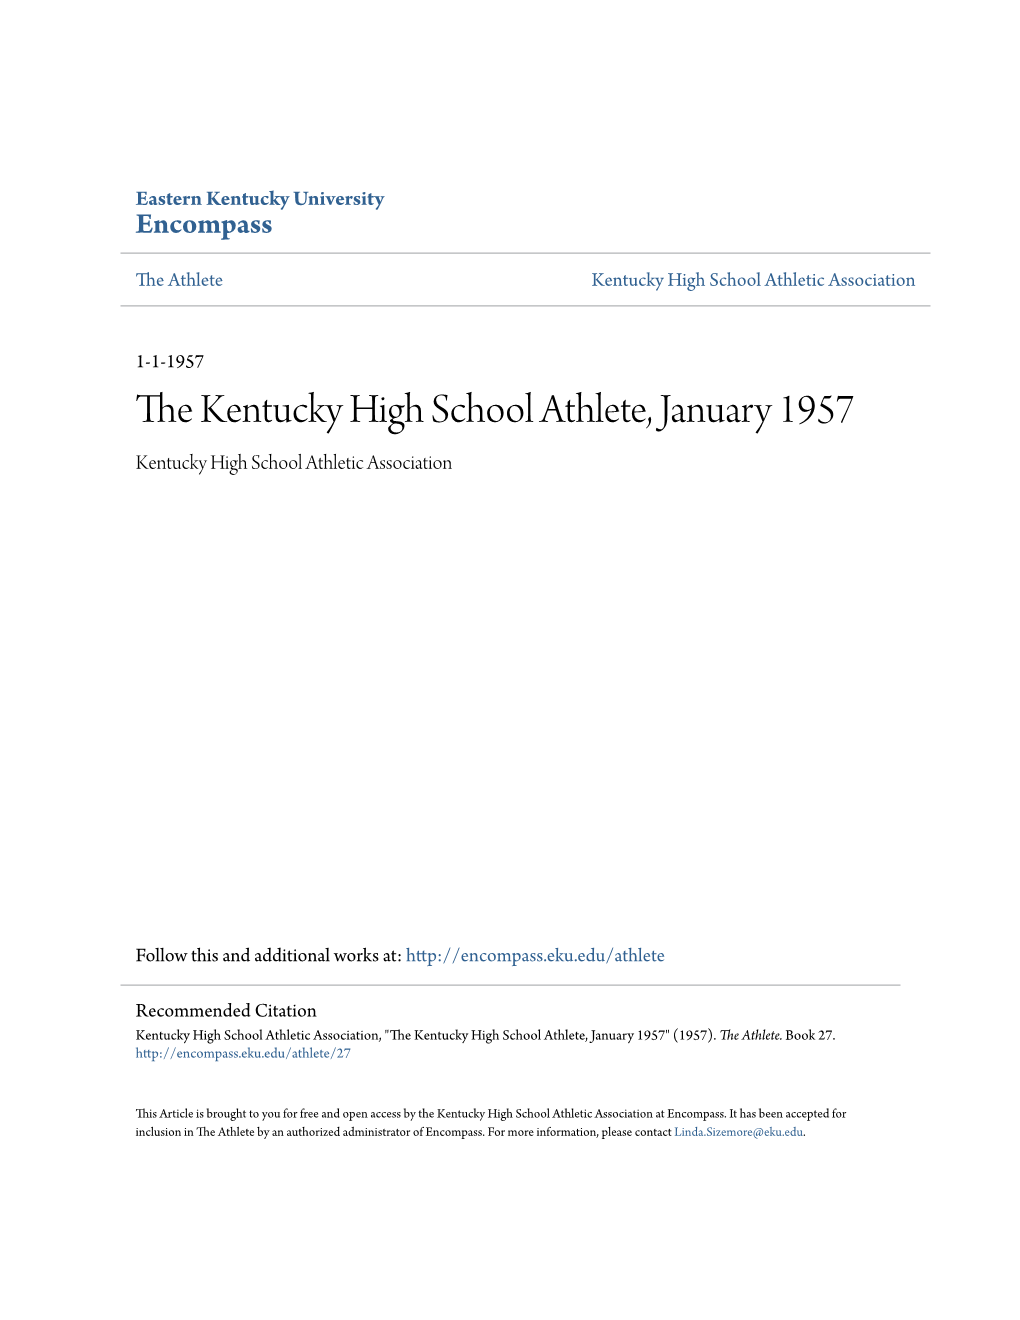 The Kentucky High School Athlete, January 1957 Kentucky High School Athletic Association
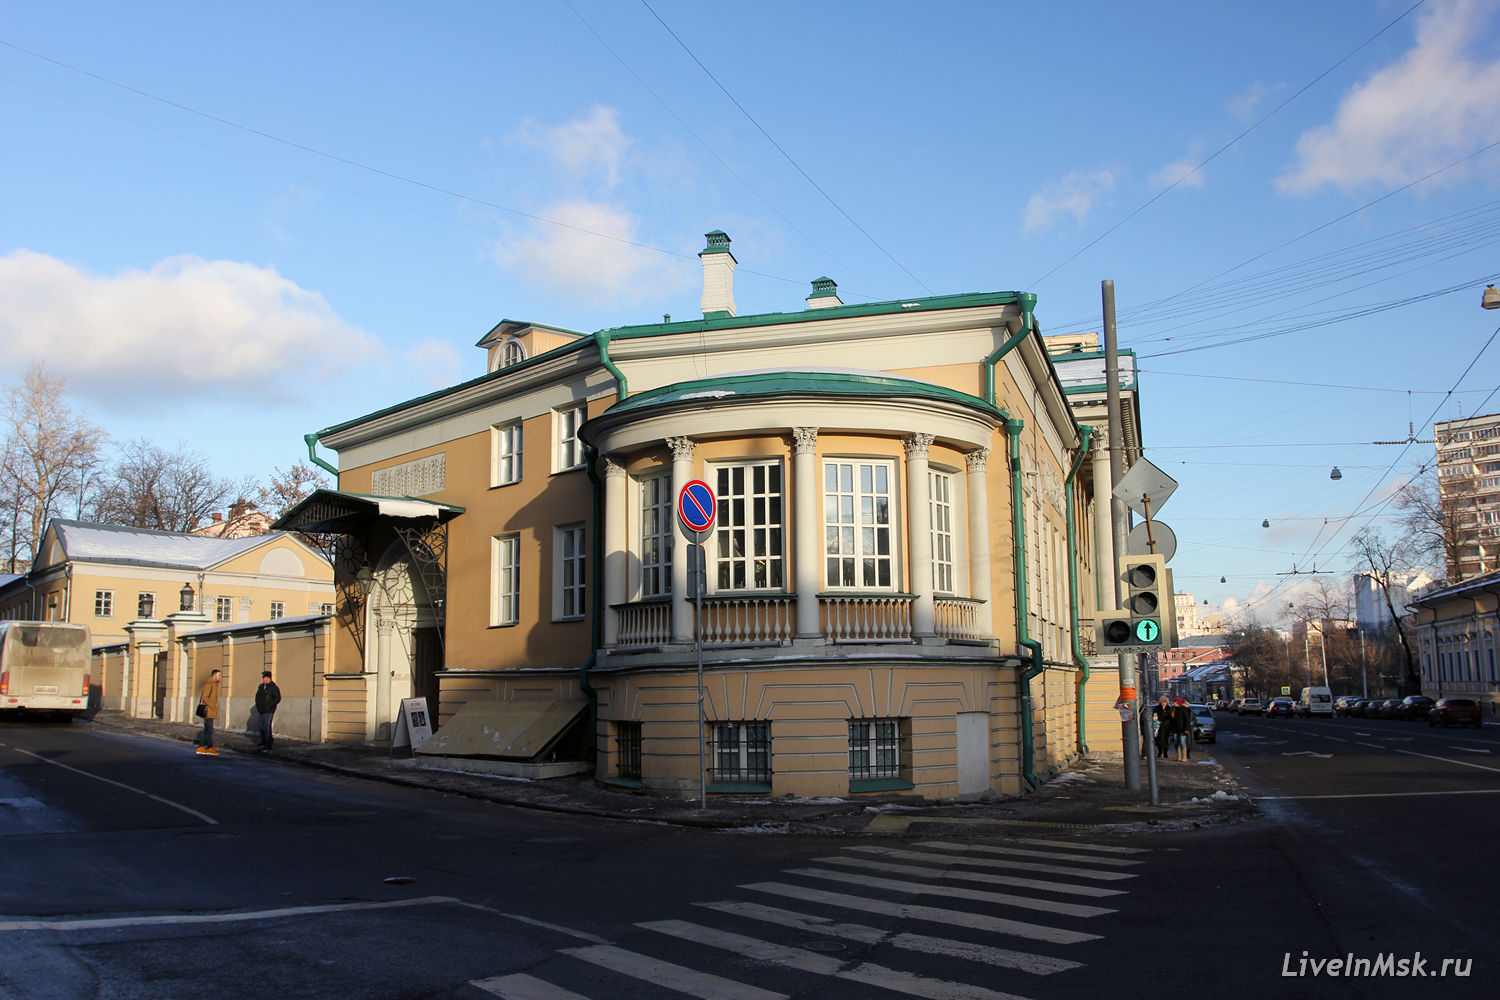 Дом Муравьевых-Апостолов, фото 2015 года
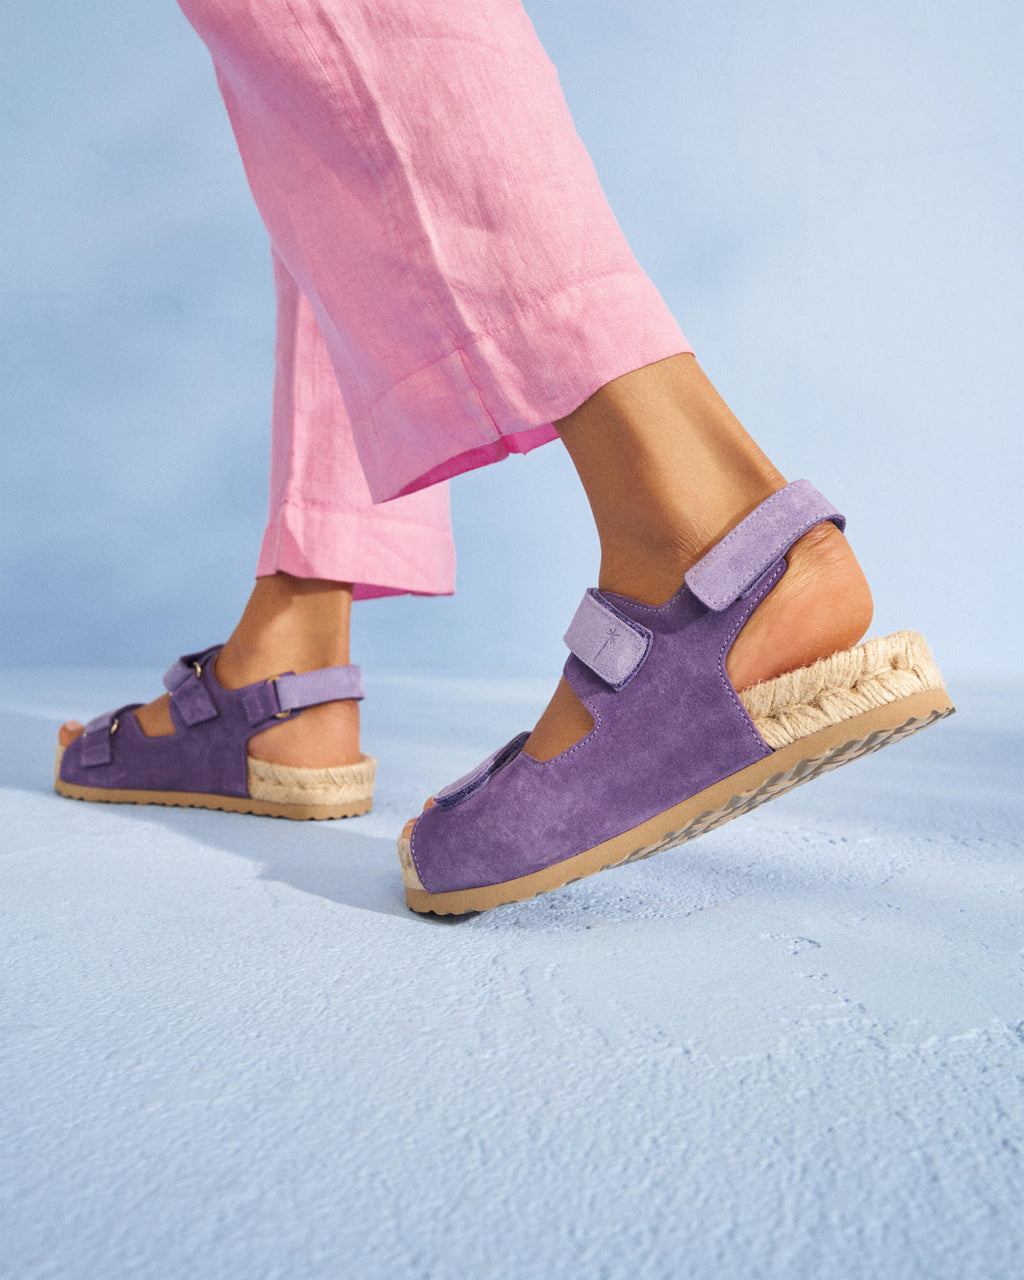 Suede Trekking Sandals - Embroidered Palm - Lavander and Summer Purple
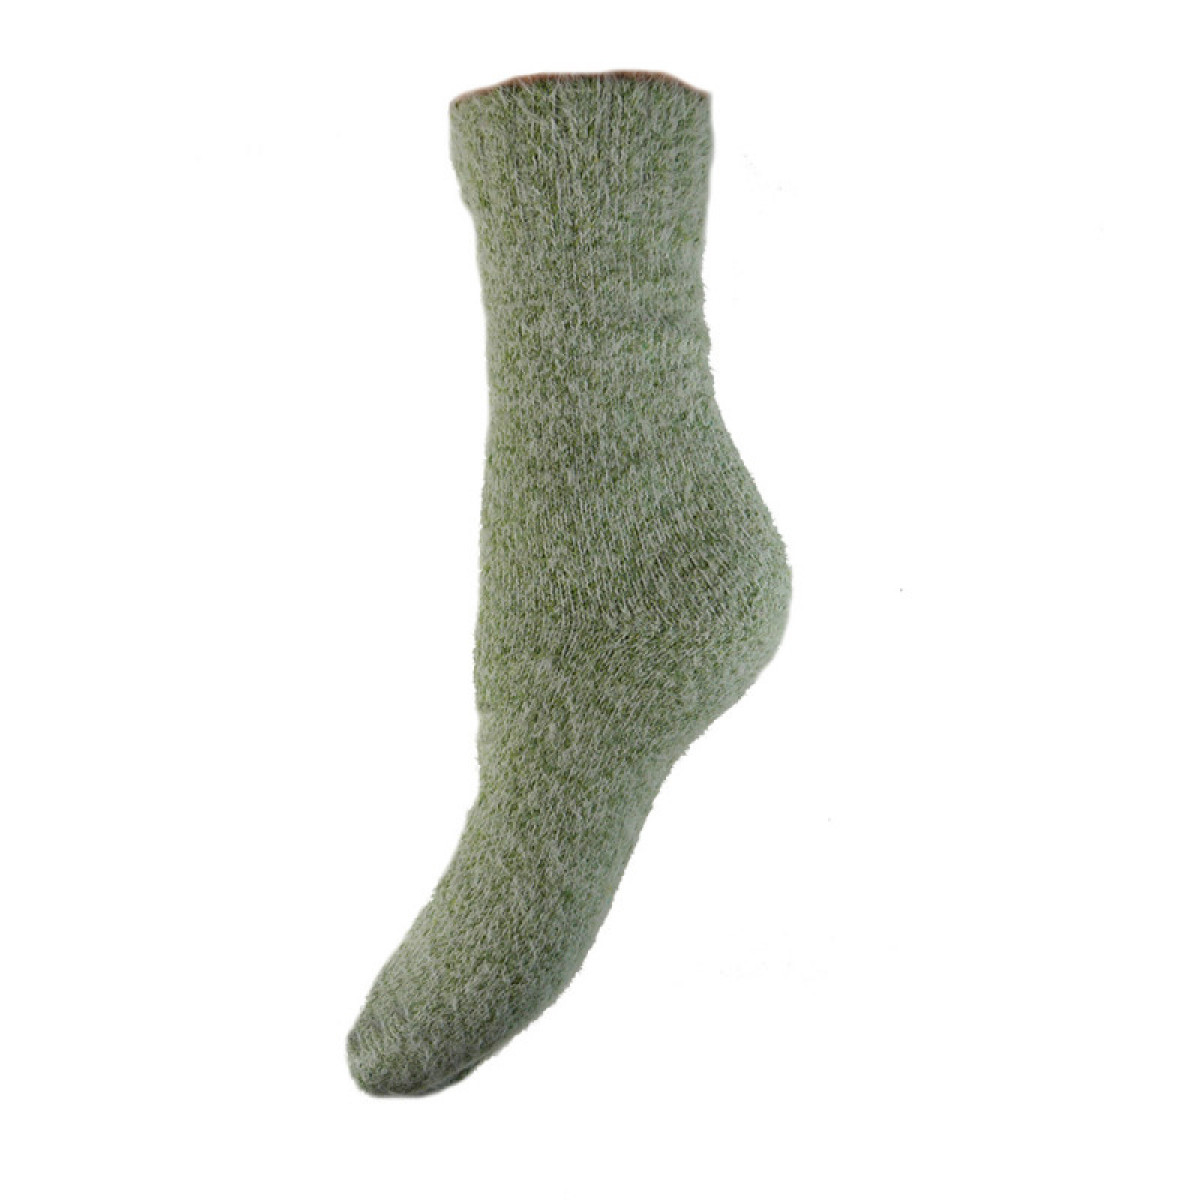 Super soft green wool blend socks ws386 size 4-7 » Joya

- Exercise aim -
When you reach a picture, pass over it; write out all other material exactly.

- Output of the exercise -
 The Kentucky High School Athlete, January 1957 Kentucky High School Athletic Association
 Дом Муравьевых-Апостолов, фото 2015 года
 Suede Trekking Sandals - Embroidered Palm - Lavander and Summer Purple
 Super soft green wool blend socks ws386 size 4-7 » Joya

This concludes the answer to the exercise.